Its return comes at a time when global scale motorsport programs are far more complicated to justify than in years past. Soichiro Honda was able to green-light Honda’s first F1 program on the simple basis that he wanted to. Nowadays, manufacturers need to weigh up obvious factors like cost against broader corporate priorities (Honda’s last exit from F1 was driven by a desire to focus on zero-emission tech such as electrification and hydrogen), as well as global considerations like politics and the environment.

So while racing is in Honda’s DNA, actually going out and doing it has become an exercise in balancing the company’s heritage and ethos against the realities of acting in the broader interests of a multinational corporation.

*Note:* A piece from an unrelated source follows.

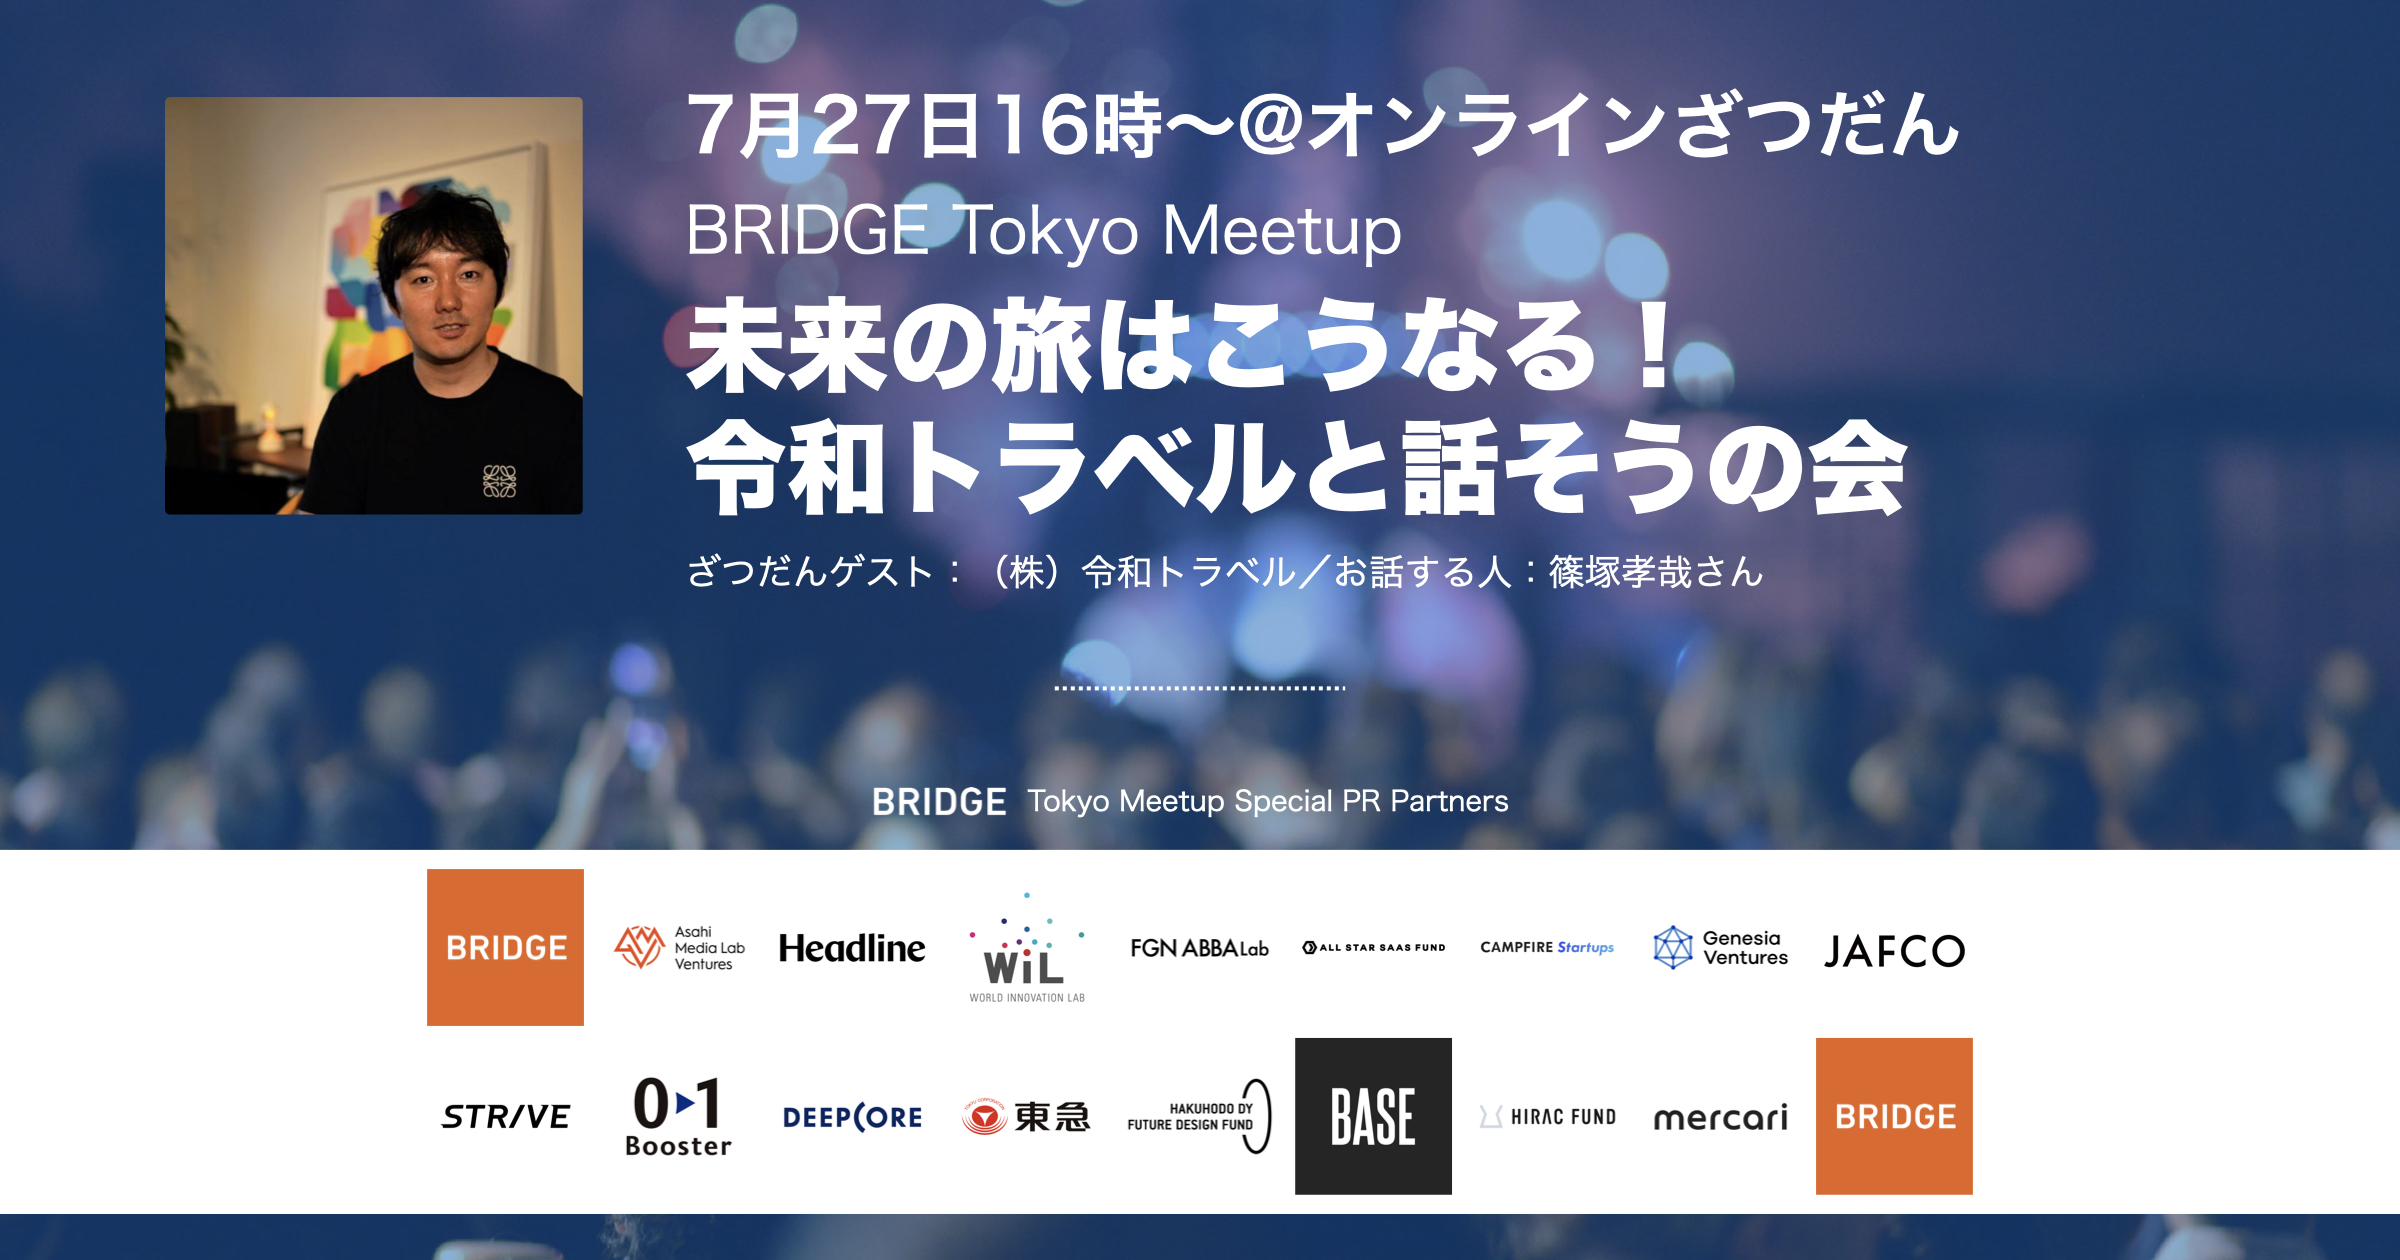 BRIDGE_Tokyo_Meetup

“Next year, we are calling our ‘fifth generation’ (in racing),” said Mibe. “We’ve been participating, quitting, participating again next year… Each generation, the CEOs have said that racing costs a lot of money, so sometimes we’ve quit to concentrate on our business.

“But all employees at Honda are aware that we have this (racing) DNA. That’s why we decided for this fifth generation to once again participate in F1. We want this generation to be stable. So for that reason HRC (Honda Racing Corporation) is working independently to focus on stabilization, and Mr. Watanabe (Ed: Koji Watanabe, HRC president) is putting a lot of effort into realizing that.”

“The goal,” added Watanabe with a grin, “is not to create six generations.”

Achieving that goal will come down in large part to managing costs. HRC is actively developing its performance parts division, but it will take more than that to cover the massive expense required to be competitive in F1.

The 1965 Mexican GP-winning Honda RA272 was guest of honor at last weekend’s Mexican GP, the site of its historic triumph 60 years earlier. Colin McMaster/Getty Images

“F1 is the most expensive racing in the world,” said Mibe. “But we’re in discussions about the regulations to control the amount of money we’re using. F1 is high-technology so we cannot reduce a lot, because we also need to keep developing new technology. So we will have to find a balance. Meeting the cost cap is difficult, so we need to manage our resources to take care of that and keep our competitiveness, and I think that will be the new challenge for us.”

On paper, Honda’s fifth generation appears to have all the ingredients to be an exciting one. In preparation for a reset in F1’s technical regulations, Aston Martin made a headline-grabbing move to sign Adrian Newey, who has led the development of the 2026 car. His arrival was the sharp tip of a far more wide-ranging upgrade of the team’s design and engineering muscle over the past 12-18 months.

Then there’s Aston Martin’s recently-opened 400,000 square foot AMF1 Team Technology Campus, a three-building facility at Silverstone that houses all of the team’s design, engineering and manufacturing resources, including a new wind tunnel.

All that’s before you factor in Honda itself, and the firepower that has already delivered 89 victories, 223 podiums, six Drivers’ championships and six Constructors’ titles as an engine manufacturer. (Plus another three GP wins as a full entrant, with John Surtees following up Ginther’s early success with victory at Monza in 1967 in the Eric Broadley-designed ‘Hondola’ RA300, and Jenson Button giving the RA106 its day in the sun almost four decades later at the 2006 Hungarian GP).

How much all that on-paper potential translates to the track is a question that will start to be answered at Albert Park next March, when a story that began with an upstart manufacturer from Asia, a Hollywood-born “happy little man” known for his test and development prowess, and a cute car with an equally cute but evolutionary engine prepares to stroll into its next chapter as Aston Martin Aramco Honda. RA272 delivered on Soichiro Honda’s dream, but there are lots more for the company he built to go and chase.